Hi again,
Thanks for all the info, I have not tried it myself, but I think I know now what goes “wrong” (even if it actually is doing the correct thing.) Now that I have the source of the rapidfire
line at the end of your script it is easier to answer.
Look at the function definition and its docstring:
def rapidfire(launchpad, fworker, qadapter, launch_dir='.', nlaunches=0, njobs_queue=0,
njobs_block=500, sleep_time=None, reserve=False, strm_lvl='INFO', timeout=None,
fill_mode=False):
"""
Submit many jobs to the queue.
Args:
launchpad (LaunchPad)
fworker (FWorker)
qadapter (QueueAdapterBase)
launch_dir (str): directory where we want to write the blocks
nlaunches (int): total number of launches desired; "infinite" for loop, 0 for one round
njobs_queue (int): stops submitting jobs when njobs_queue jobs are in the queue, 0 for no limit.
If 0 skips the check on the number of jobs in the queue.
njobs_block (int): automatically write a new block when njobs_block jobs are in a single block
sleep_time (int): secs to sleep between rapidfire loop iterations
reserve (bool): Whether to queue in reservation mode
strm_lvl (str): level at which to stream log messages
timeout (int): # of seconds after which to stop the rapidfire process
fill_mode (bool): whether to submit jobs even when there is nothing to run (only in
non-reservation mode)
"""
The default for njobs_queue
is 0, which means that unlimited jobs will be submitted, even if nlaunches = 0
, which should limit the submission to ‘one round’ whatever that means. (I suspect it means that e.g. nlaunches = 4
and njobs_queue = 2
, it will launch jobs until it has 2 in the queue, then wait for for sleep_time
, and do the same thing 3 more times.) If you only want one job to run (which will execute all of your fireworks), just replace your last line with:
rapidfire(launchpad, FWorker(), CommonAdapter("SLURM", "fireworks_queue", rocket_launch="rlaunch rapidfire"), reserve=False, njobs_queue=1)

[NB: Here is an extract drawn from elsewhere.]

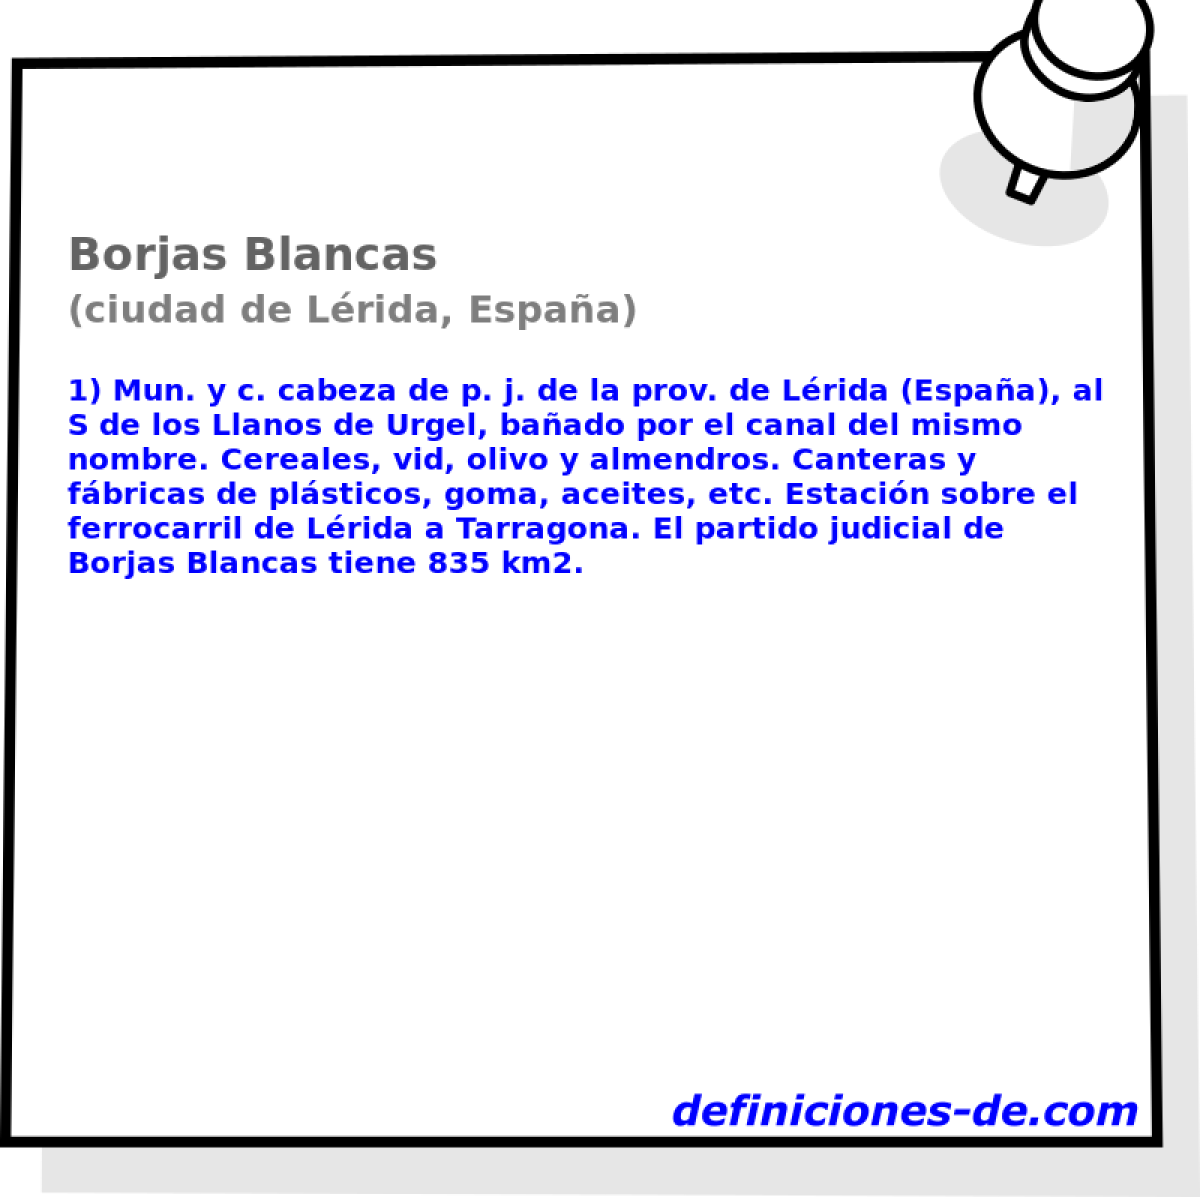 Borjas Blancas (ciudad de Lrida, Espaa)

I think the main misunderstanding here is the differentiations of a job on the cluster and a Firework on the LaunchPad. The job has at the time of submission no idea about what calculations are to be run. Once it starts it simply executes a rlaunch rapidfire ....
command, which starts pulling calculations from the launchpad that are in the READY
state.
Also, the difference between qlaunch rapidfire
(launch many jobs) and rlaunch rapidfire
(execute many fireworks). I think you wanted to do qlaunch singleshot
which submits one job that then executes rlaunch rapidfire
on the compute node and thus deals with all 3 FWs that you have.
If you want a single job to only execute a single FW (not very practical) you can get the job also done by launching 3 jobs with qlaunch rapidfire -m 3
(or the equivalent python command with njobs_queue=3
) and setting rocket_launch="rlaunch singleshot"
So it is totally fine for FireWorks to launch 20 jobs with only 3 FWs on the LaunchPad. Maybe once they start running you have already added 100 workflows with 1000 Fireworks each, and now all of these jobs have something to do! I think this is actually one of the best features of FireWorks, because you can significantly reduce total queuing time if you use it correctly.